After Tropical Cyclone Pam (2015) and Tropical Winston (2016) hundreds of containers filled with

unrequested goods like teddy-bears, plastic bottles of water, perishable food and second-hand clothing, and even snow-skies were sent around the Pacific.

Much of it ended up in Pacific landfills. Local businesses desperate for customers, were undercut by overseas goods already available locally. Containers took up valuable wharf and then storage space, increasing costs to Pacific countries responding to the cyclone.

World Food Programme and Council for International Development have launched a campaign to provide guidelines about how to ‘Donate Responsibly’.

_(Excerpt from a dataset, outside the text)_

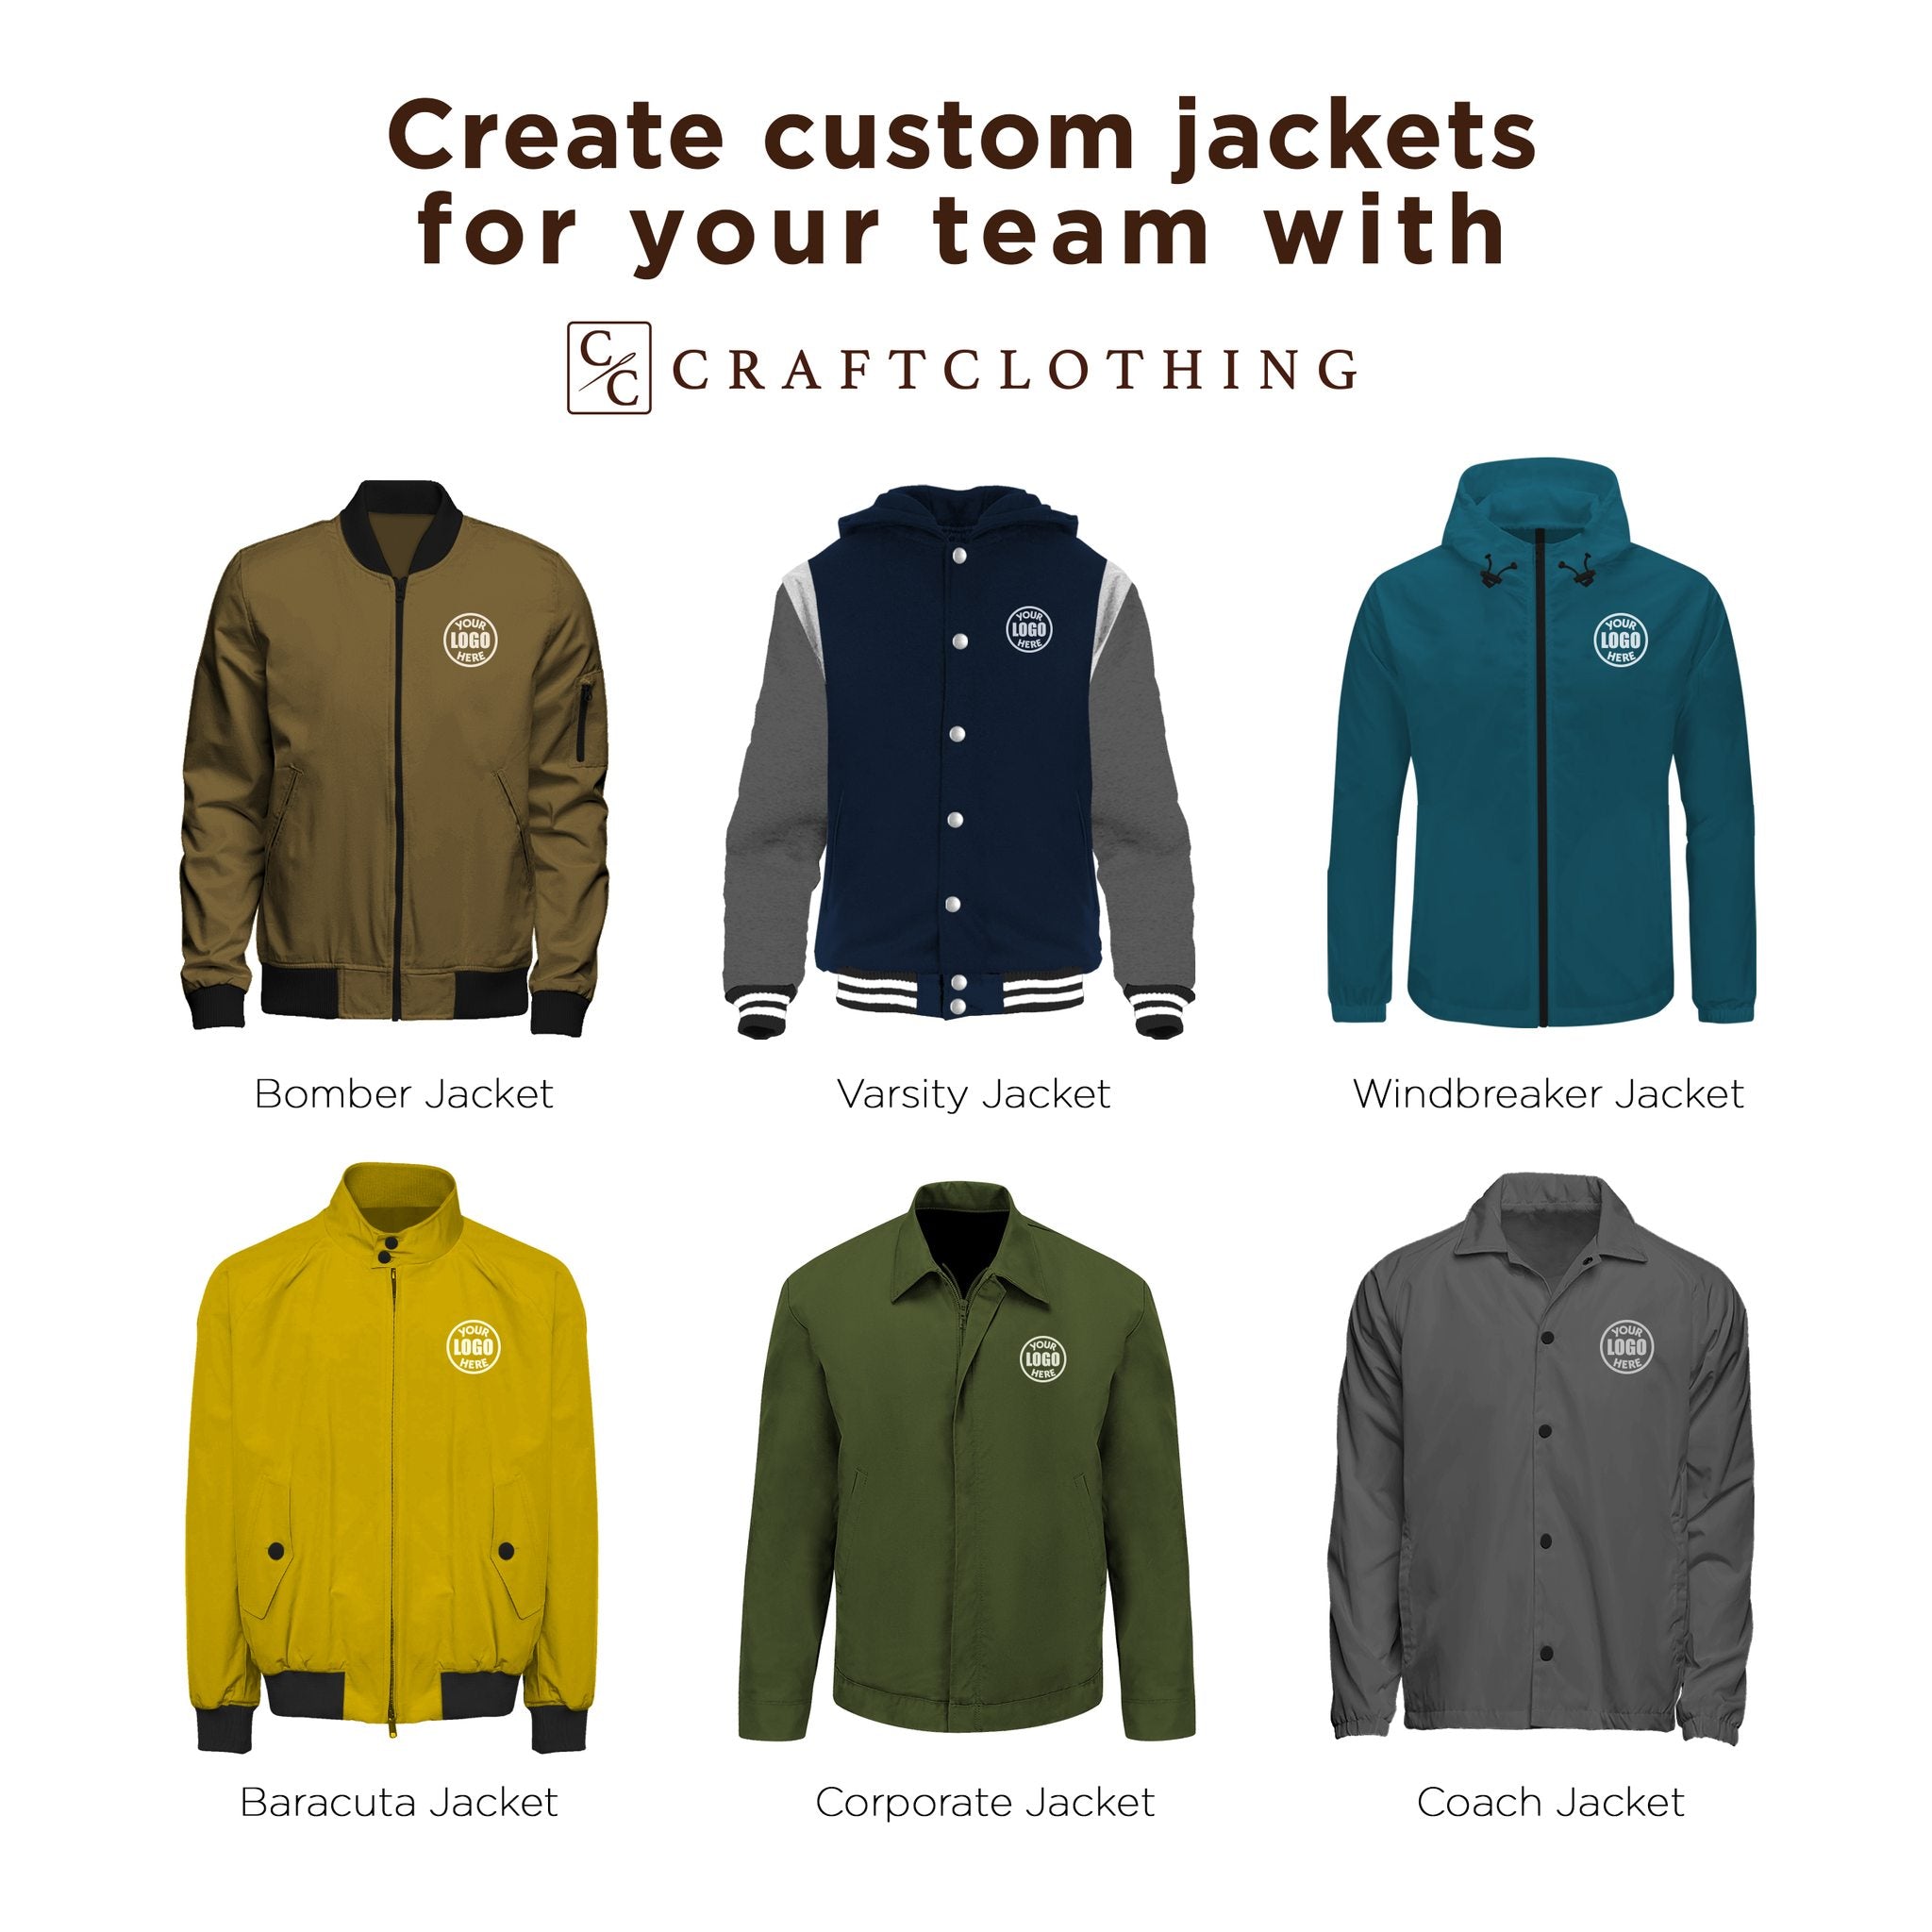 Create custom jackets for your team
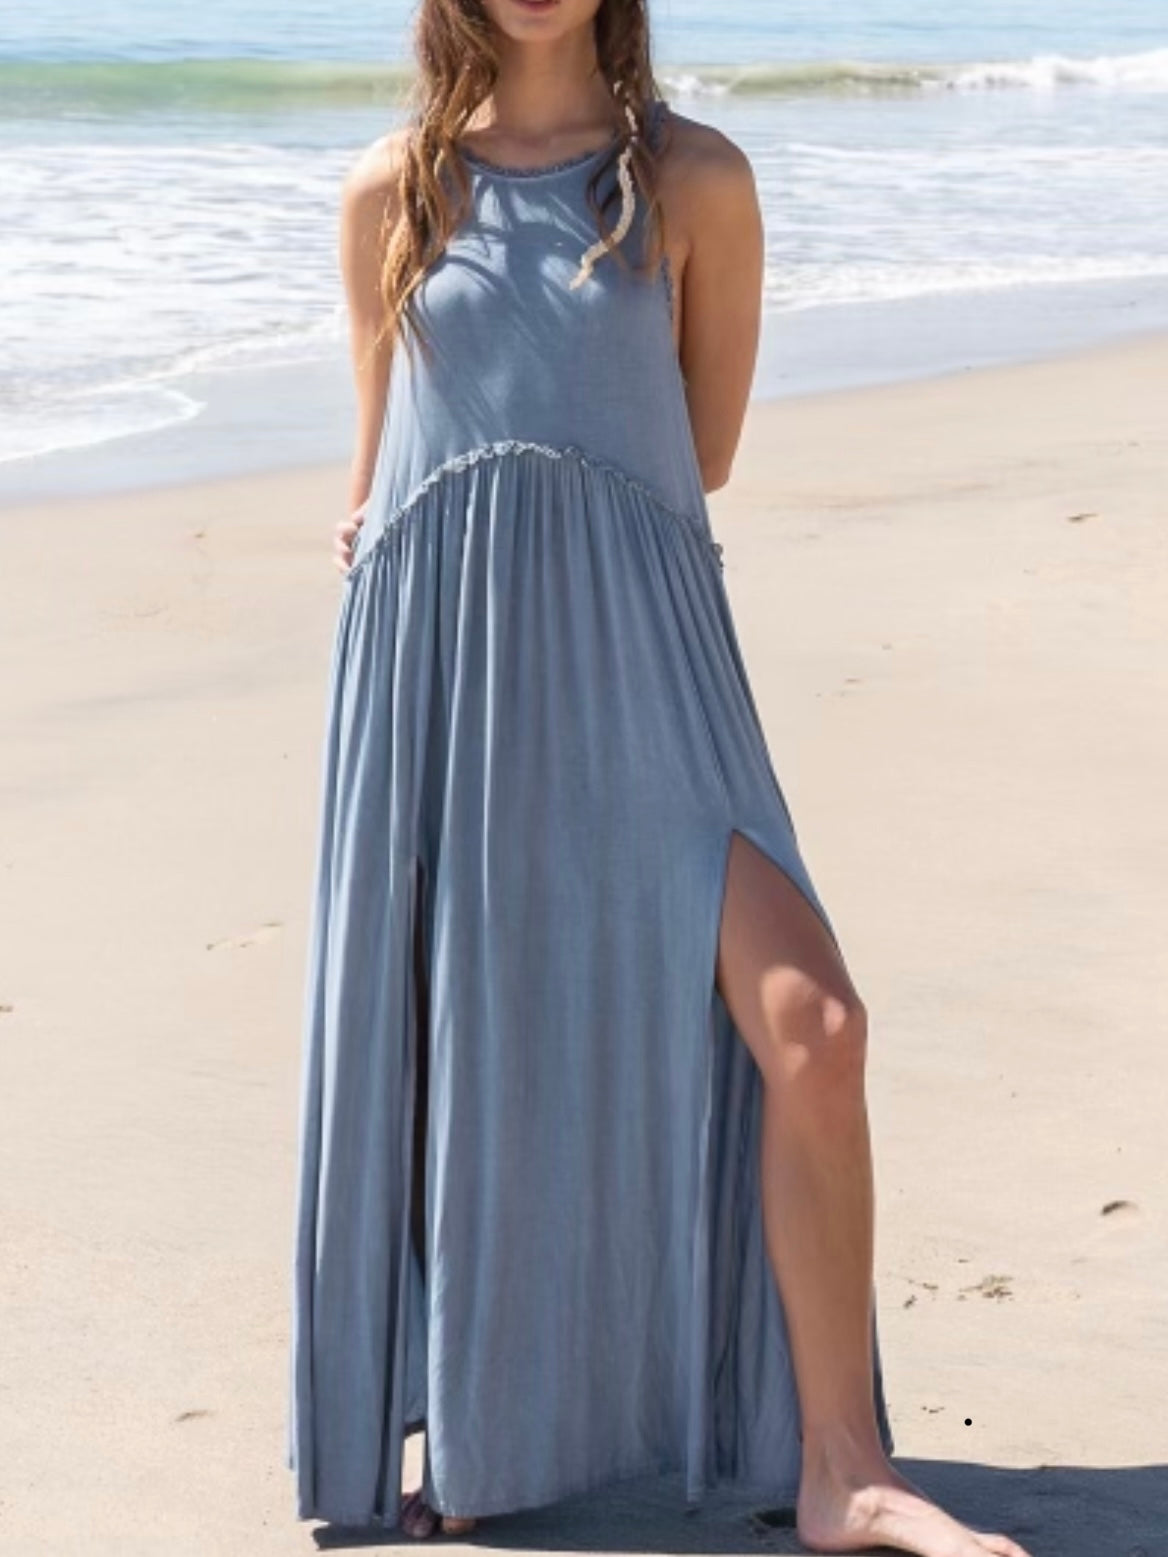 Light blue midi dress

“The most urgent need in times of crisis is money, not stuff. No other type of donation can match its impact,” says Aaron Davy.

How to send cash safely:

  • Donate to a trusted humanitarian organisation in New Zealand. For a full list of accredited humanitarian responders, go to the Council for International Development’s website
  • Use the same banks and businesses that you use to send remittances to impacted families or church communities in the Pacific
  • If you still want to collect stuff, convert it into cash in New Zealand by selling it at a garage sale, then sending the cash.

“We urge banks and money-transference businesses to support humanitarian responses, by temporarily wavering transaction costs or keeping them at less than 3% during the emergency response so already stressed families can send cash to family overseas.”